--- Data block Enclosed Below ---

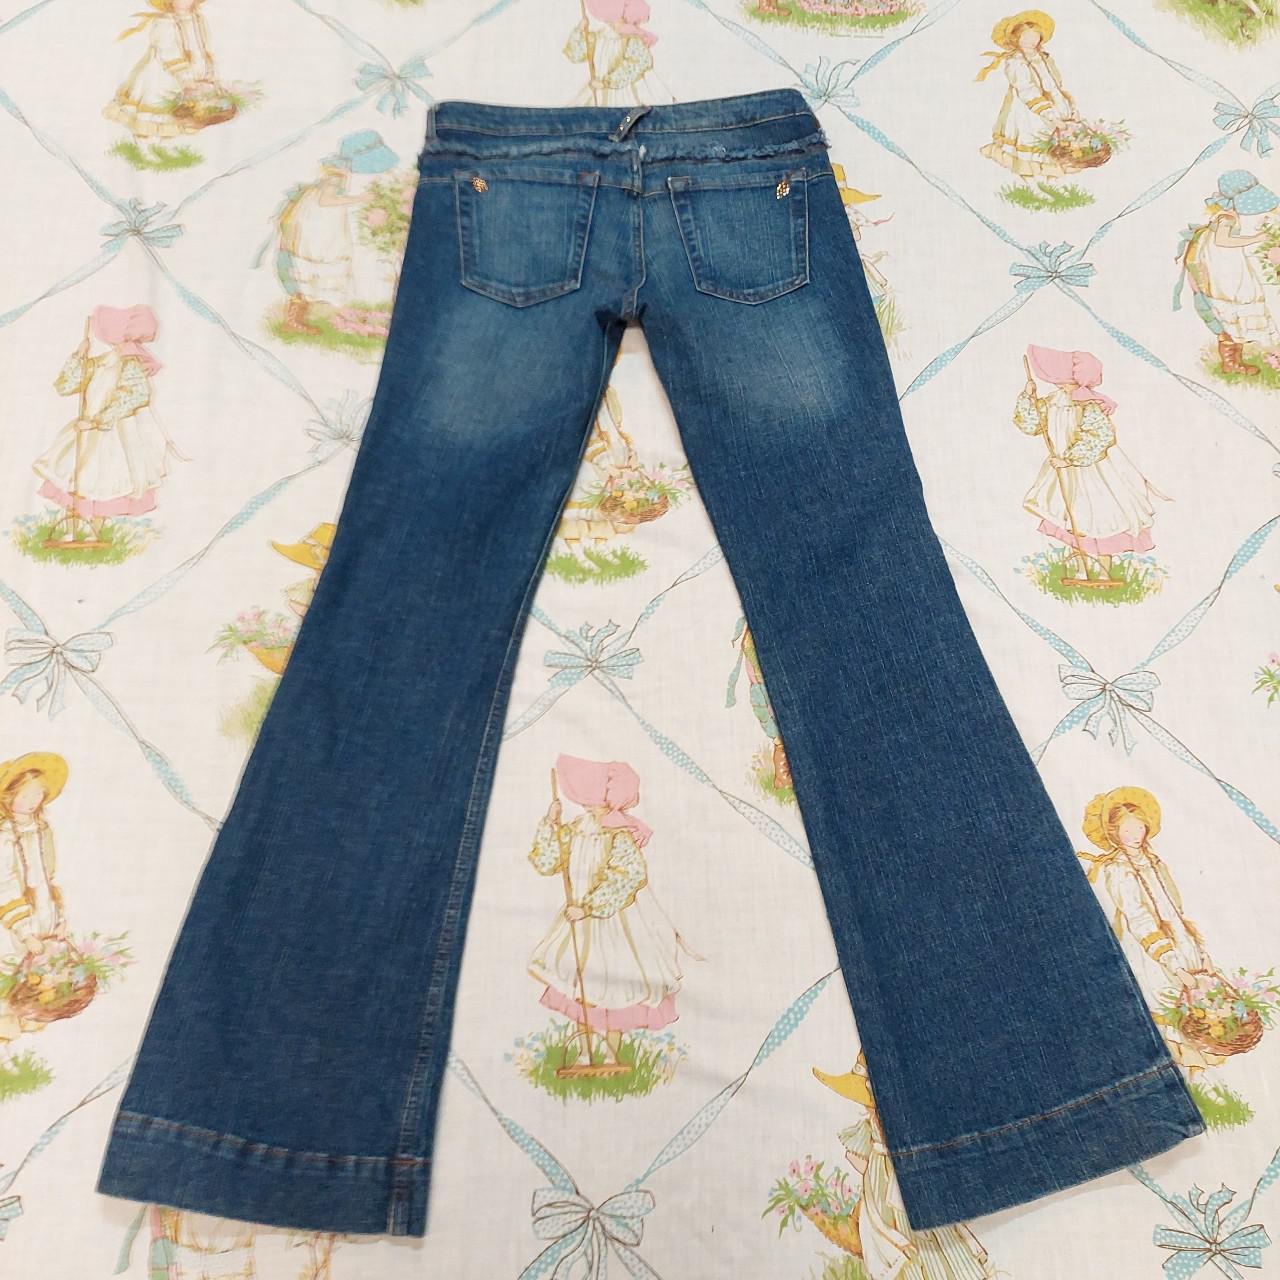 Product Image 2 - Y2k l.e.i. Jeans
Manufacturer distressing around
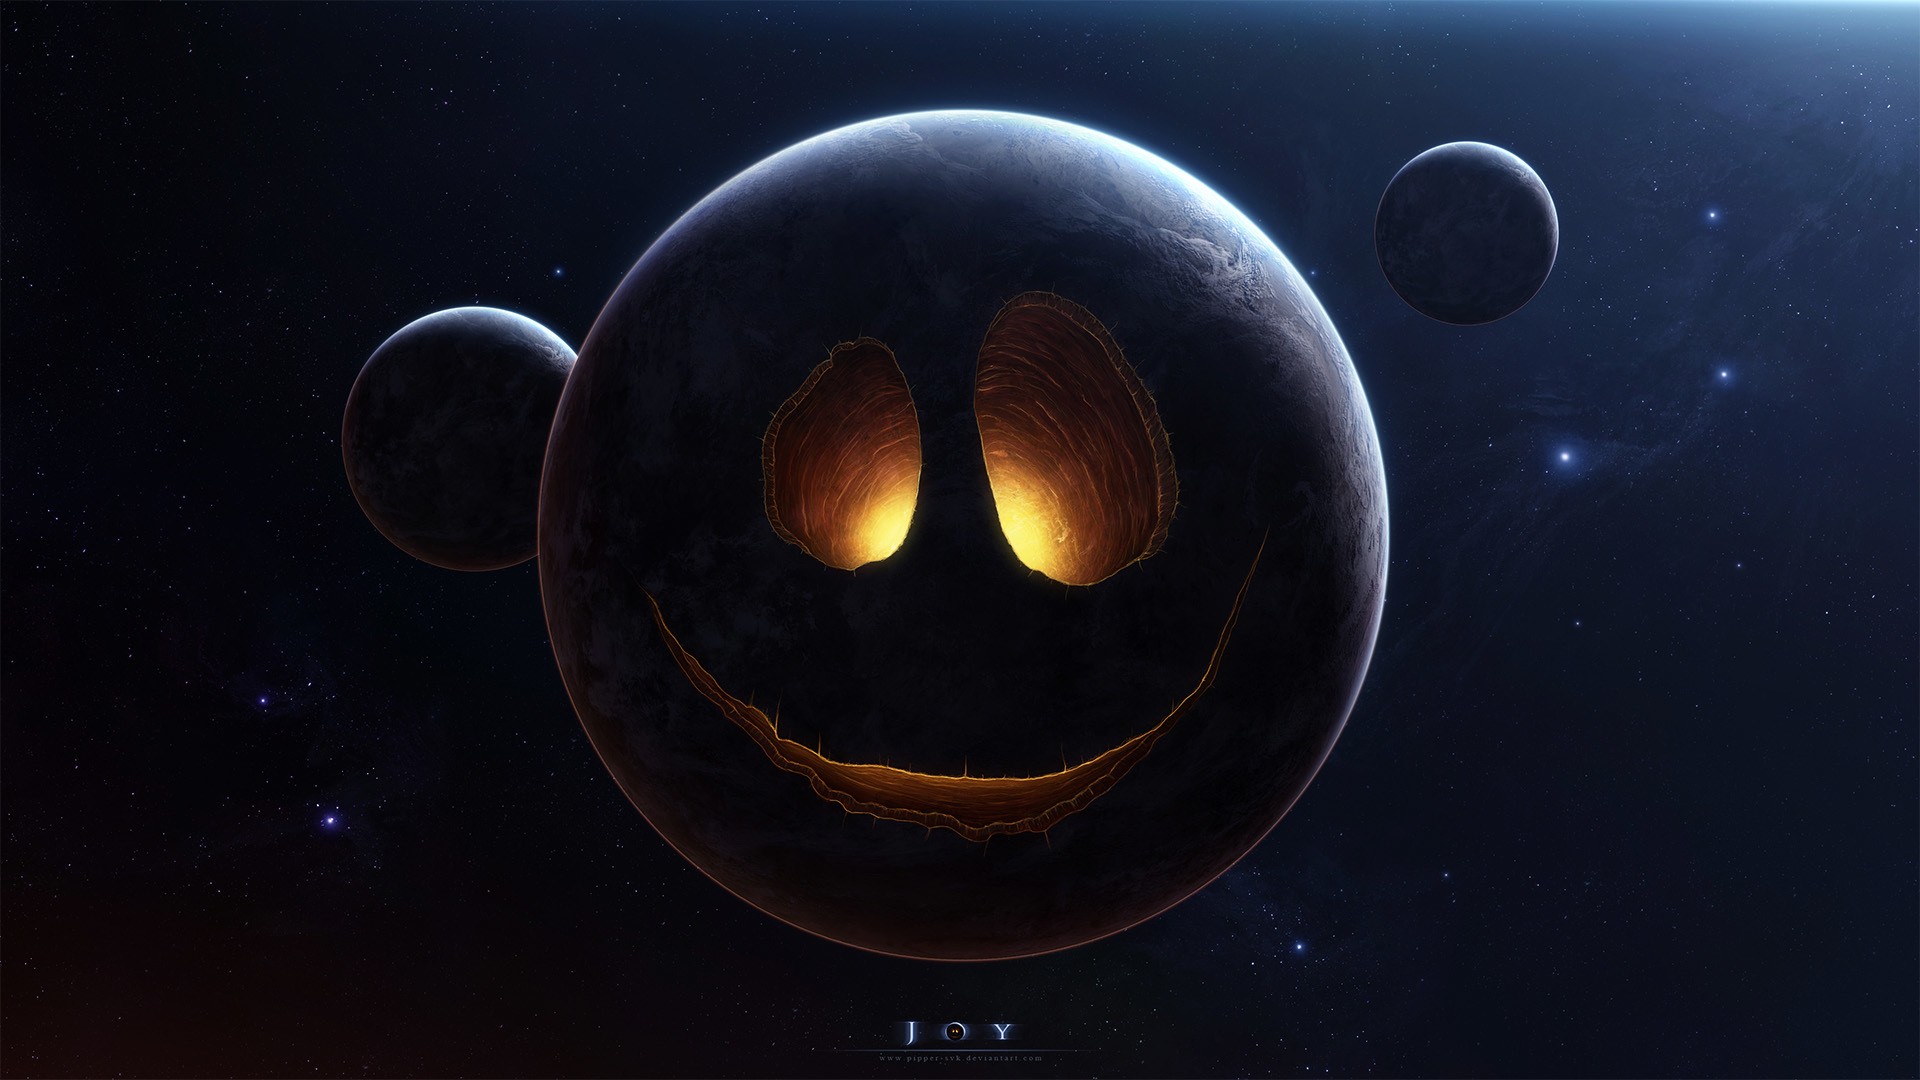 Pla Face Stars Humor Funny Smiley Space Halloween Wallpaper
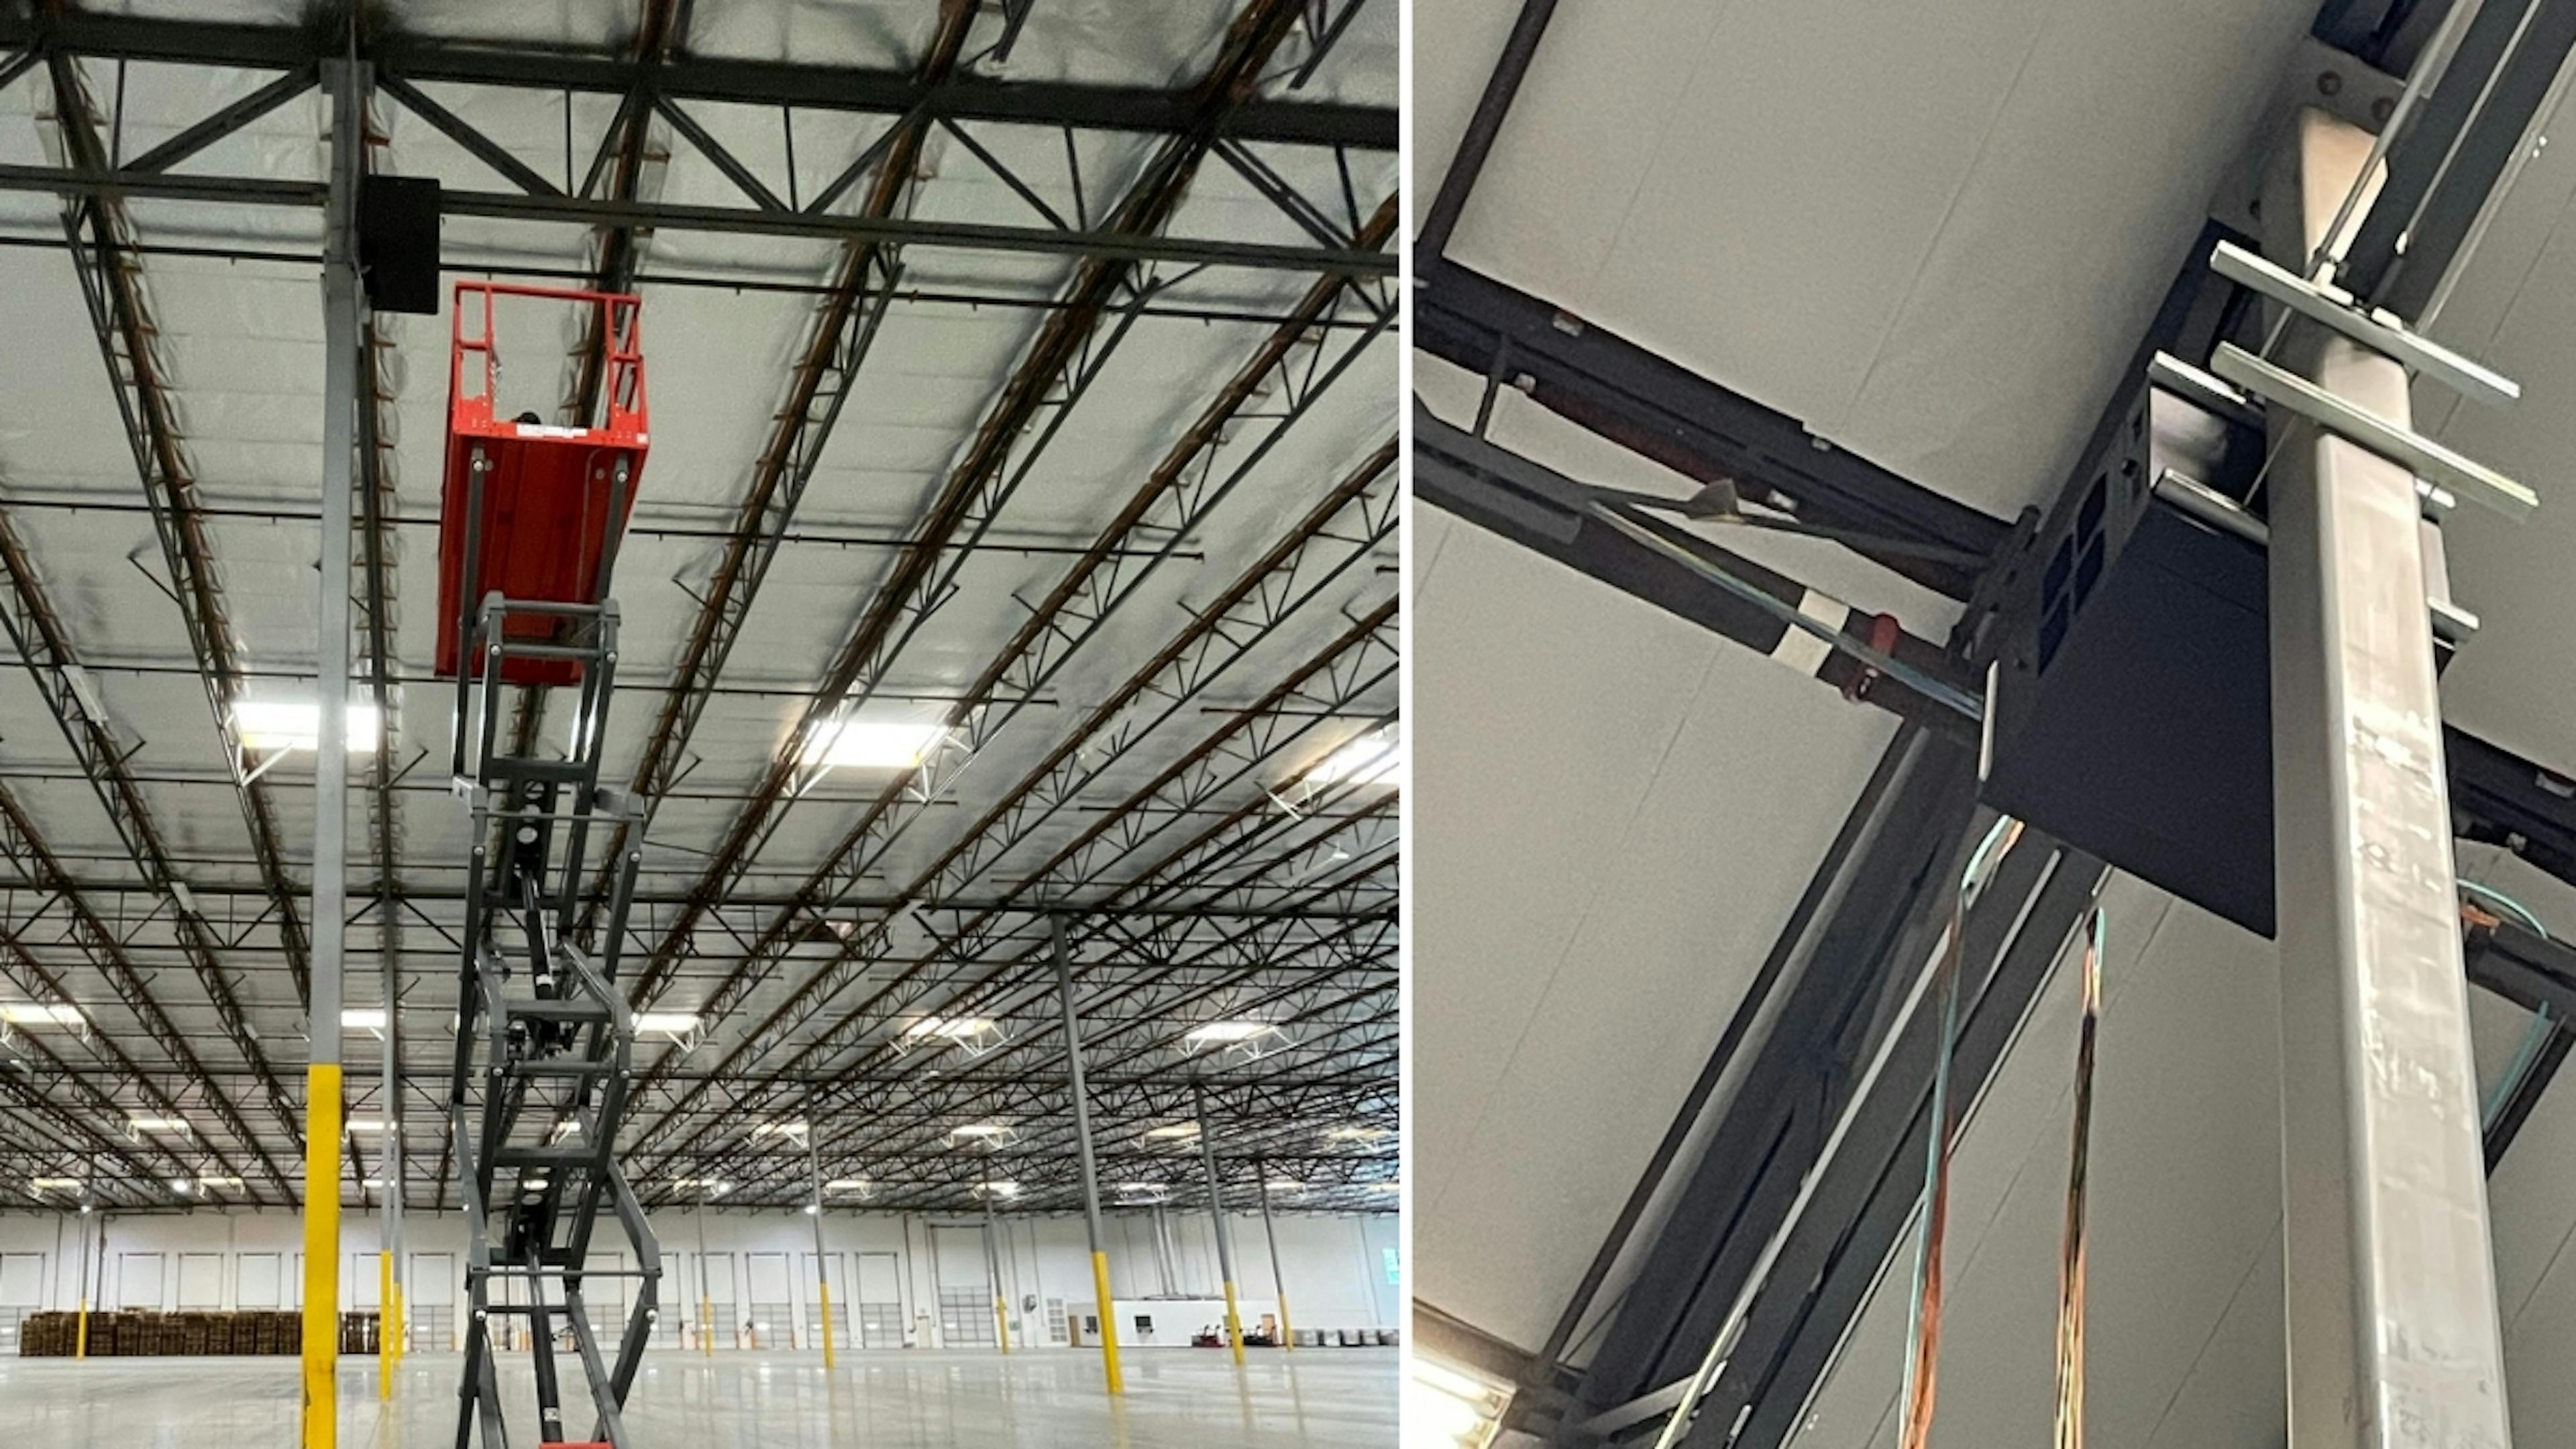 Two examples of warehouse data cabling are installed and hung securely.

--- End of Enclosed Data block ---

■ **What the task requires**
Everything from the line containing "Manufacturer distressing around" through the last line of the listing above must be output exactly, except the pictures.

■ **Finished task**
Manufacturer distressing around
 Pla Face Stars Humor Funny Smiley Space Halloween Wallpaper
 Two examples of warehouse data cabling are installed and hung securely.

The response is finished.